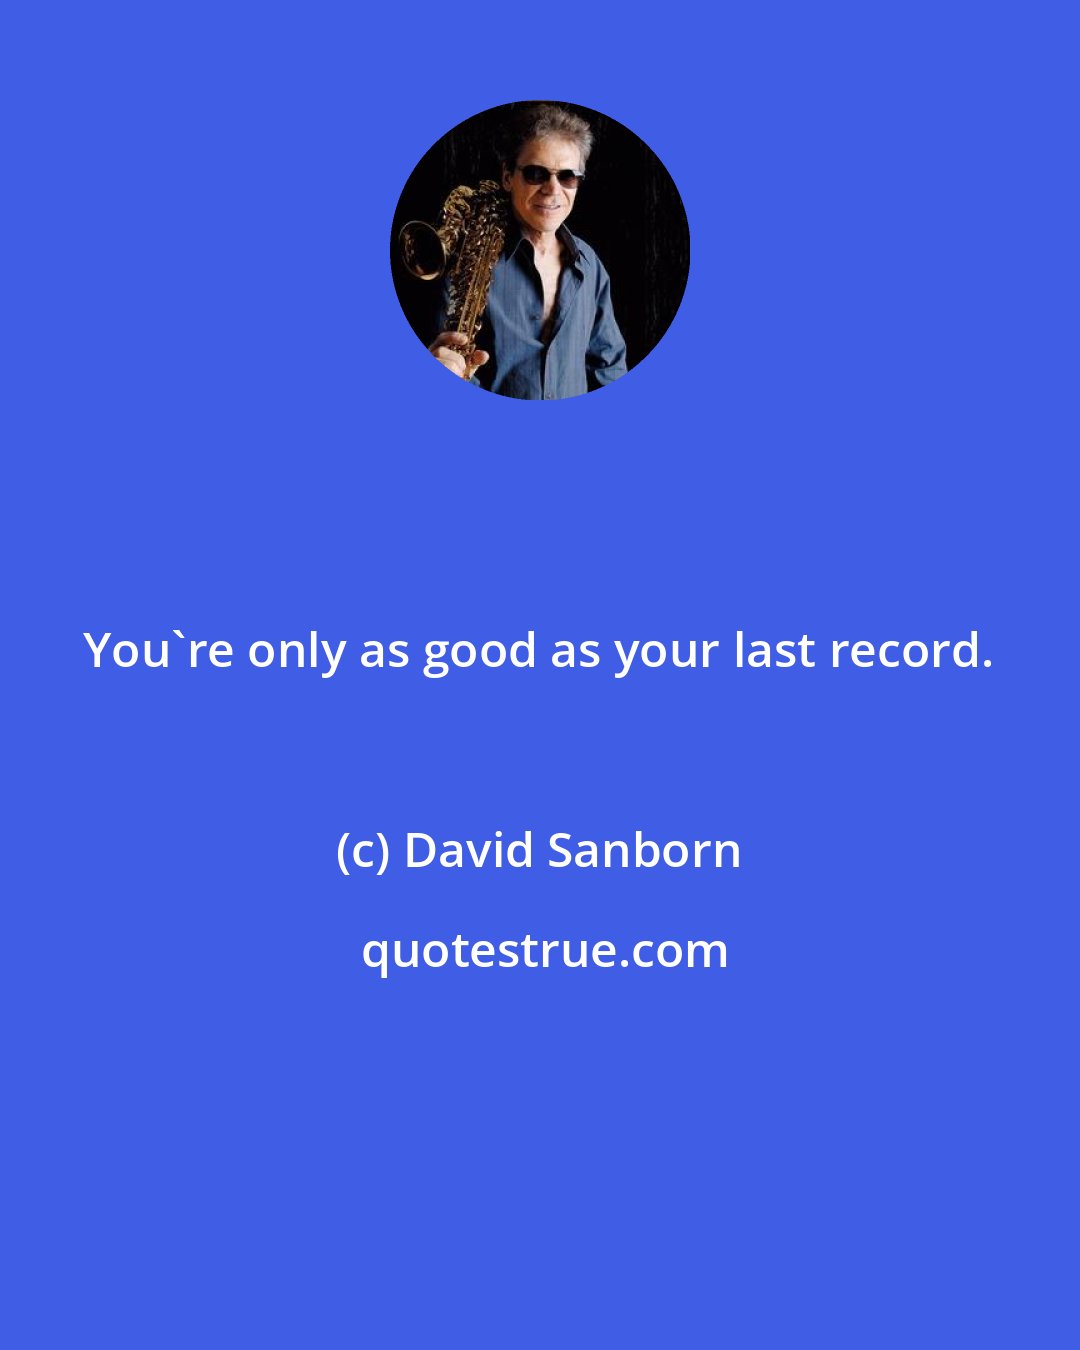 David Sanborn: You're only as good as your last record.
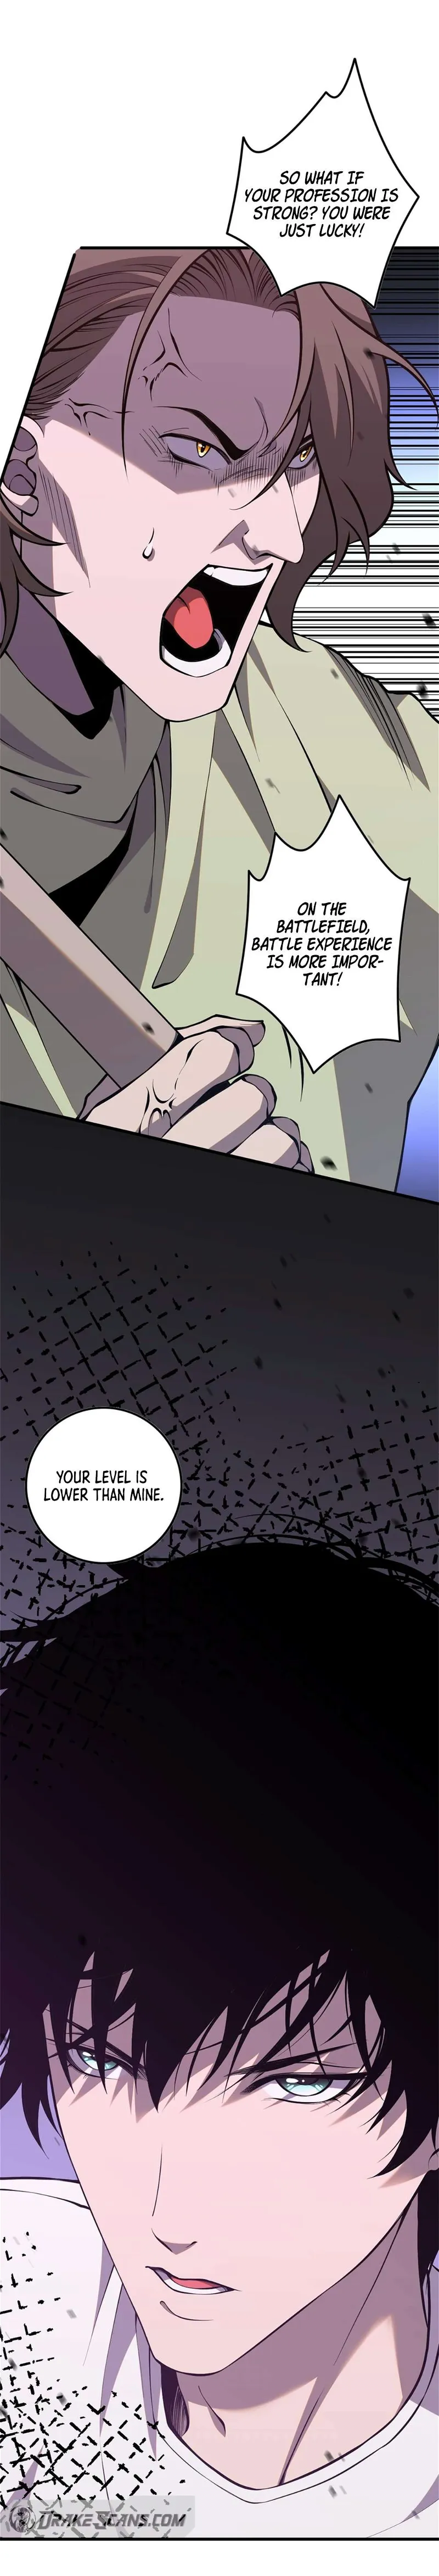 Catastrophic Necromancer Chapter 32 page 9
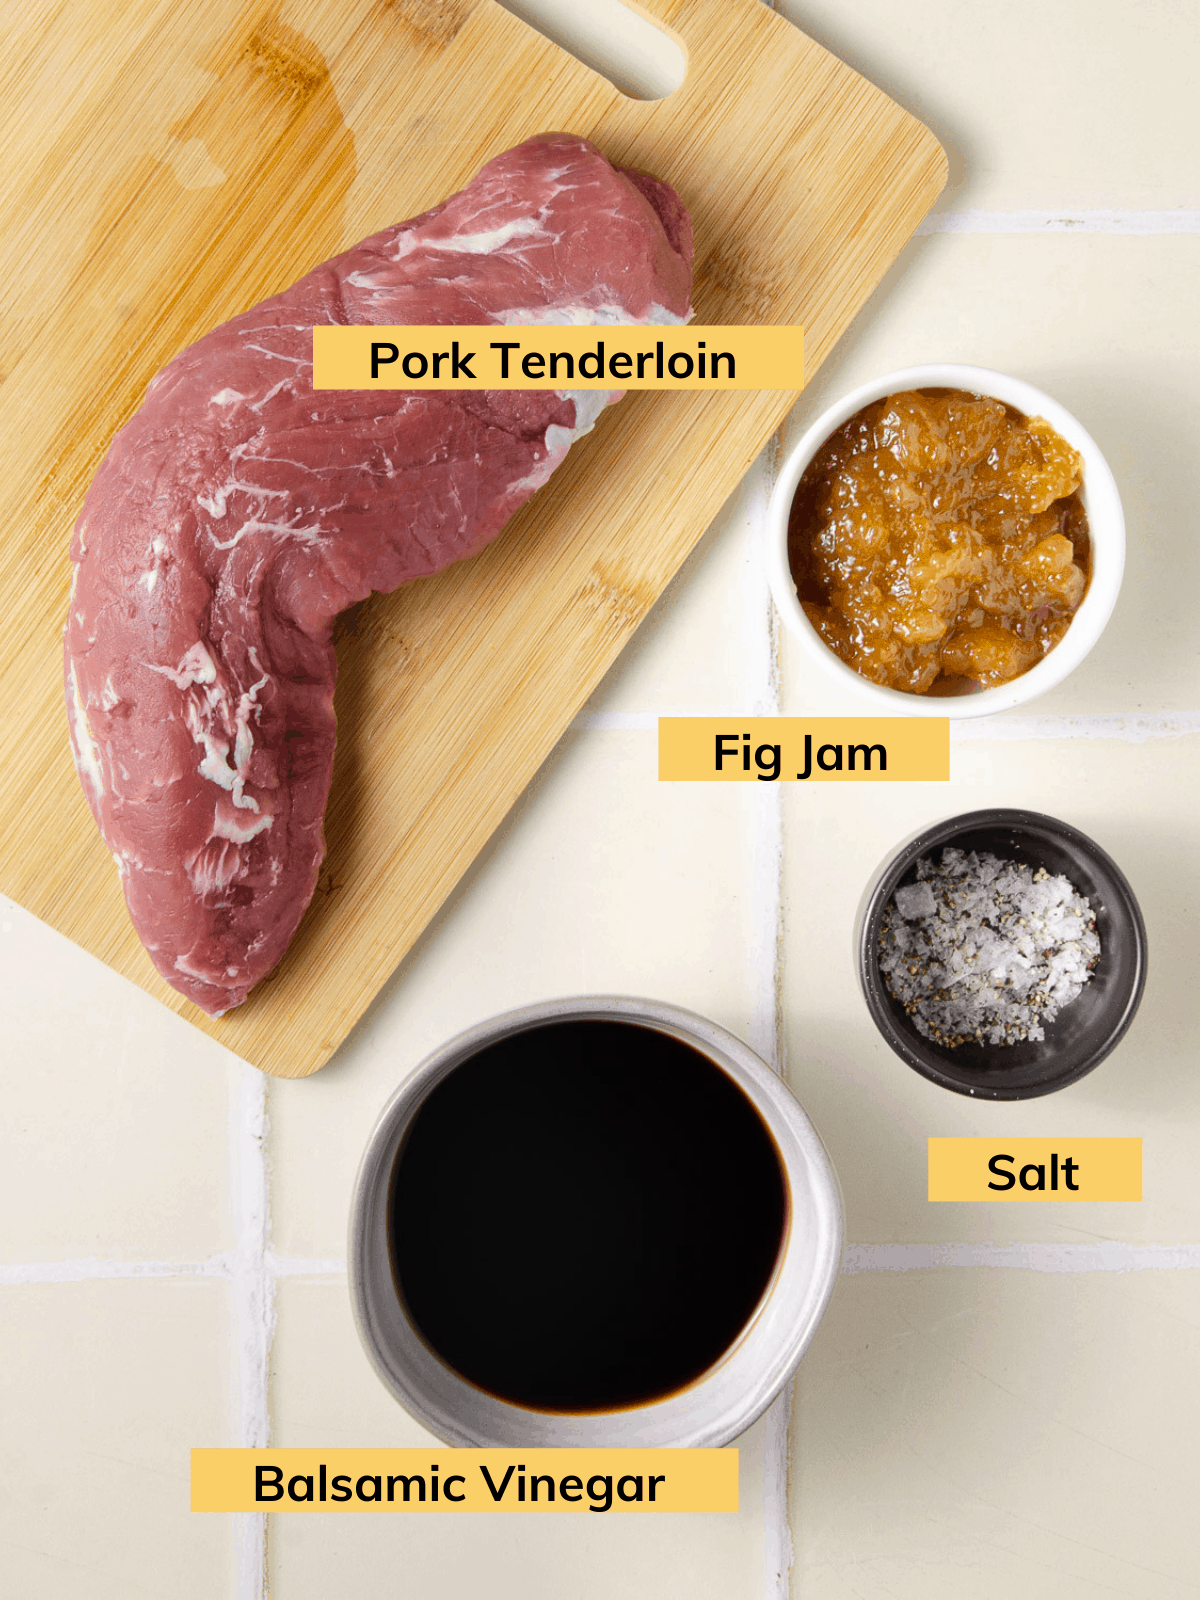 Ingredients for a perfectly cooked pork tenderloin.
==*==
WORK ITEM
Write out all the data exactly, minus pictures.

RESULT FOR THIS EXERCISE
 David Sanborn: You're only as good as your last record.
 Catastrophic Necromancer Chapter 32 page 9
 Ingredients for a perfectly cooked pork tenderloin.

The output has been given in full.